One of the best AND worst things about being a video game reviewer is the pure quantity of games that I play. Although at times being able to play vidya for a week non-stop means that I get to enjoy the likes of the incredible SUPERHOT: MIND CONTROL DELETE and Golf on Mars, at others, it means that I can spend 40 hours alternating between Company of Crime and Willy Morgan and the Curse of Bone Town. Although this past month has been a decidedly good one for games, playing three new releases that all reminded me of what I played as a kid has made it hard to come up with novel and witty introductions for these reviews. So, seeing as I’m starting to run out of ways to say I played another game that reminds me of the ‘90s, I’ll just say it: Mutropolis is a game that reminds me of the ‘90s.

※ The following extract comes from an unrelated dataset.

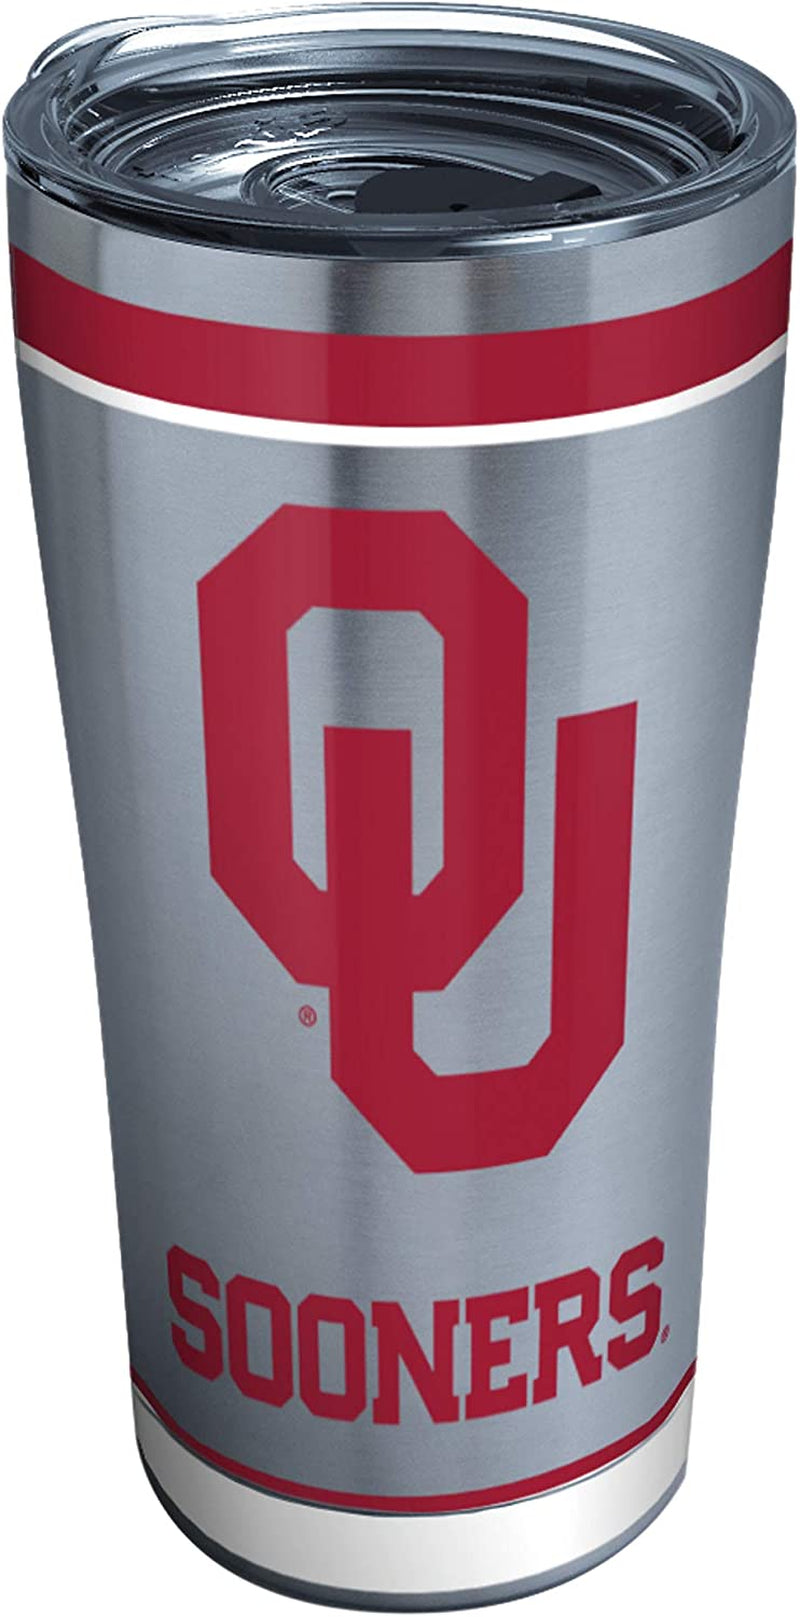 Tervis Triple Walled University of Oklahoma Sooners Insulated Tumbler Cup Keeps Drinks Cold & Hot, 20Oz - Stainless Steel, Tradition Home & Garden > Kitchen & Dining > Tableware > Drinkware Tervis

Mutropolis, like Monkey Island and Indiana Jones and the Fountain of Youth, is a decidedly fantastic 2D point-and-click adventure game. You don the archeology boots of Henry Dijon, an archeologist from Mars who is sent to investigate Earth some 5,000 years after everyone decided to book it to The Big Red because of a natural disaster. Upon arriving on our home planet, things quickly don’t go as planned, one of your team members goes missing, and you’re tasked with finding them while also uncovering an ancient civilization.
Although the game isn’t exactly War and Peace, or Per Aspera, the tale that it tells is still fun. The story never goes anywhere unexpected, but it’s this level of familiarity that makes it so enjoyable. Mutropolis was clearly written by a team that grew up playing the same games that many of us did, which means that it's often self-aware about its nature without ever going full Borderlands. The story that the game presents is an homage to the classics, and an incredibly well-written one at that, that is deeply enjoyable for anyone that’s able to legally drink. It constantly makes references to other things that only ‘90s kids will remember, but these references make sense within the context of the game, so the result is a story that’s legitimately charming and will put a smile on just about anyone’s face.
This sentiment extends to Mutropolis’ gameplay, too. At its core, it’s no different than other point-and-click games: you start each level with a set of basic tools and a problem, you click your way around the level until you find an object that will let you solve that problem, then you repeat this process a handful of hours. Although at times these items are decidedly well-hidden, and the problems themselves are ever so slightly convoluted, neither one reaches the purely moronic level of the aforementioned Willy Morgan and the Curse of Bone Town. Instead, the puzzles simply make sense, and it’s possible, if a tad difficult, to complete the game without looking up a walkthrough, which is about as much of a compliment as a game in this genre can get.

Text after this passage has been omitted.